あさひ湯には有料サウナとは別に無料で入れるスチームサウナがあって、閉店の2時間前くらい、午後10時くらいにはスチームサウナのプロが集う。
(スチームサウナのプロというのは、スチームサウナ内に大浴場の風呂のお湯を撒き散らし、通常以上のスチームを起こす人たち。スチームサウナのある銭湯にはそういう常連がいることがある。この日のあさひ湯には3人のプロがいた。)

一人はスチームサウナの扉を(歯を磨きながら)開き、残りの二人がテンポ良く柚子湯をスチームサウナ内に撒く。
冬至にあさひ湯を選んだ理由はこれを期待したから。まさに期待通りの特製プロ仕様のゆずスチームサウナに巡り会えた。

俺にとって銭湯は、わがままに入りたい湯に入り、自分の居たいところを占領し、思う存分お風呂を満喫する場というよりも、他のお客さんに気を配り、混み具合を見定めて自分がどこにいるべきか、思いやりを持って過ごす人たちが集まる場。
例えば、プロたちがスチームサウナを楽しむ時間には他のお客さんはスチームサウナの利用を控えたり、水風呂に入りたそうな人がいればその人に譲ったり、銭湯を好む人たちは、そういった行動をごく自然と行う。そんな場で自分も同じように気を使い思いやりを持った行動に取り組むことに心地よさを感じる。
だけどこの日のゆずスチームサウナがどうしても羨ましくて、勇気を出して「自分も入っていいですか?」と初めてプロたちに声をかけた。
お湯撒きを取り締まるリーダーらしき方は「ええよええよ。ゆずの匂いすごいやろ。ごめんな」と逆に恐縮し、俺の分の席を用意してくれた。

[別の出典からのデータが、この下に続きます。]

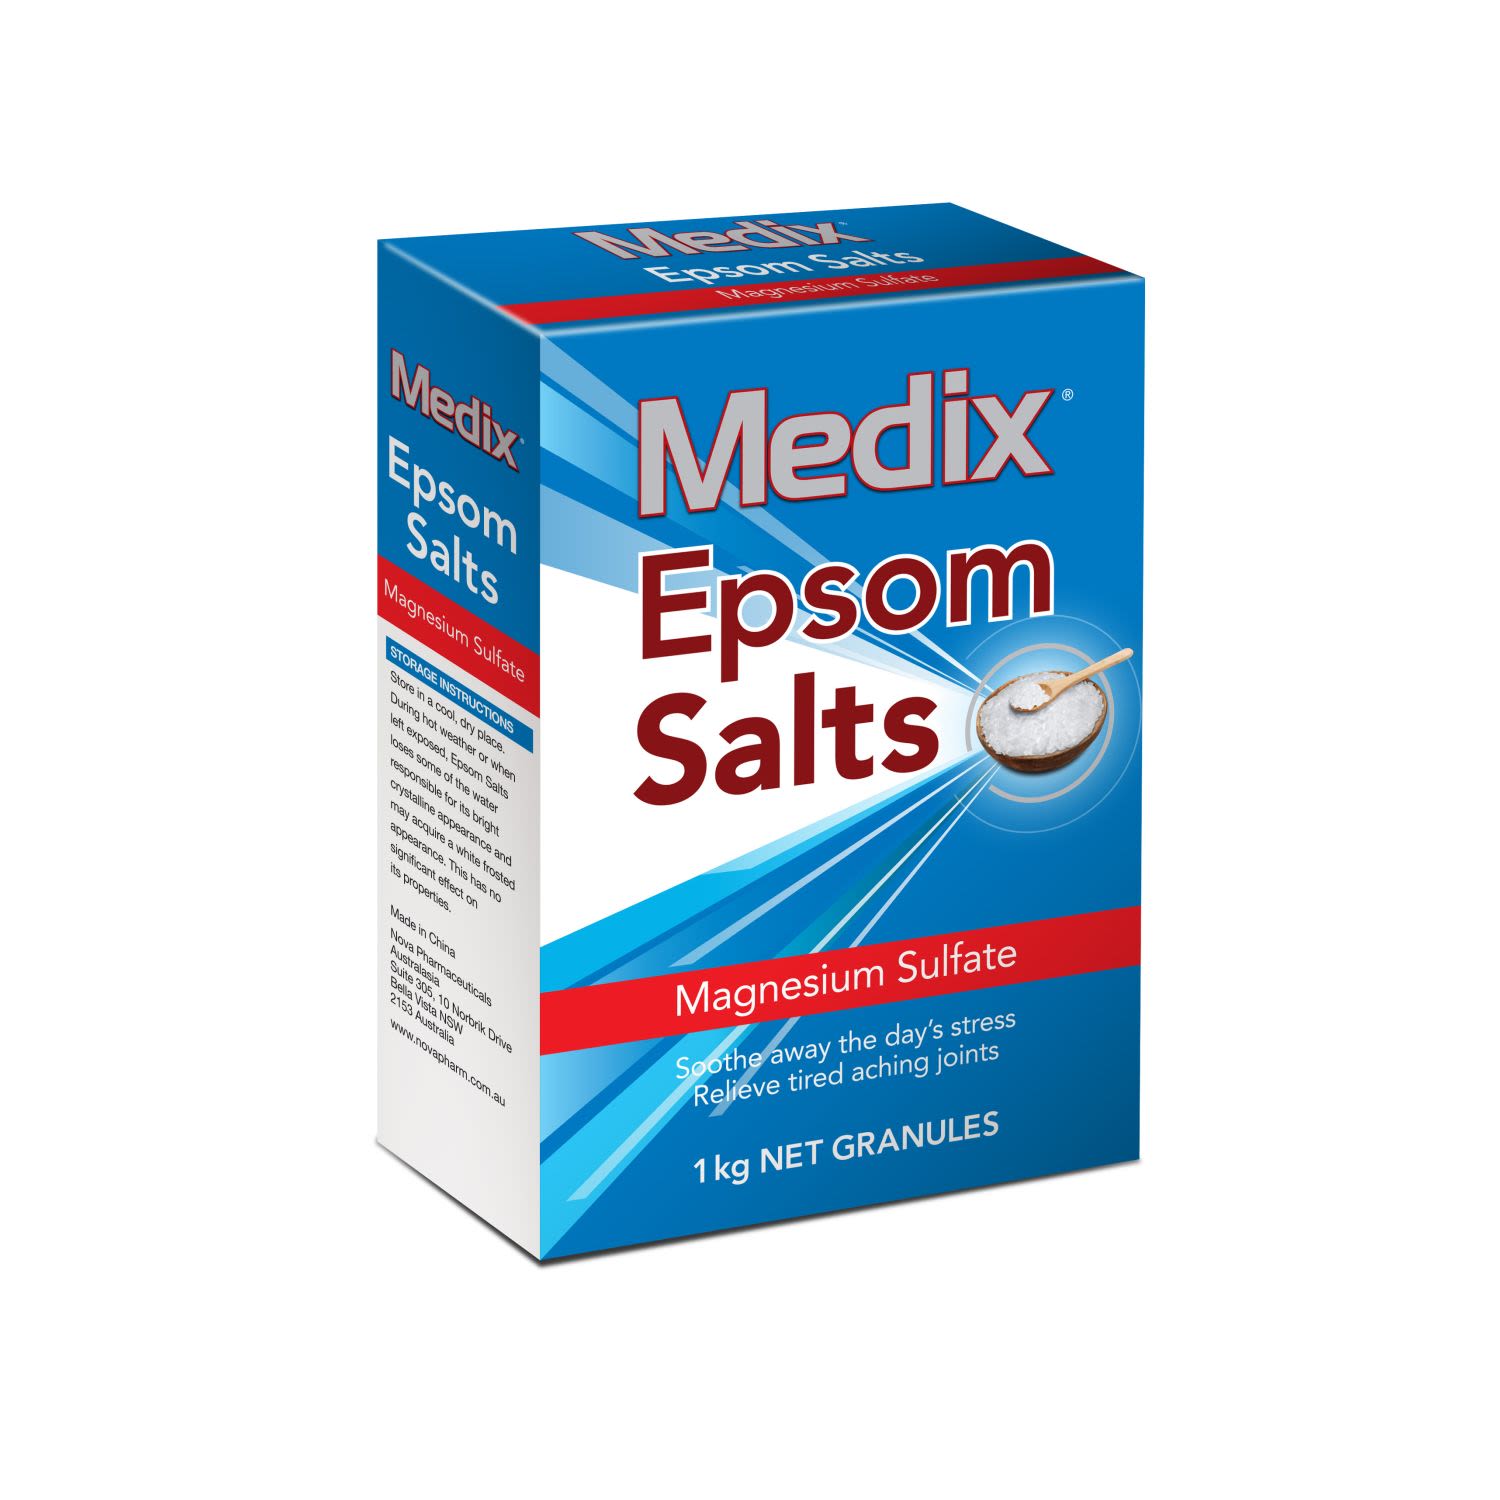 Medix Epsom Salts, 1 Kilogram

お湯を撒いた後のスチームサウナは想像よりも暑くなく、ムンムンと立ち籠る湿気が心地いい。そして、強烈なほどに芳しいゆずの香りが最高に落ち着く。
スチームサウナを堪能して水風呂に入り、外気浴をしていると、リーダーが「もうおっちゃん上がるけどゆずやるか?」って閉店間際に俺のために沢山の柚子湯をスチームサウナに撒いてくれた。

いい銭湯には素敵なコミュニティが生まれる。世代も業種も異なるその銭湯を好む人たちによるコミュニティ。ここに限らずそれぞれの銭湯ごとに、行かないとわからない豊かなコミュニティがあるんだろうな。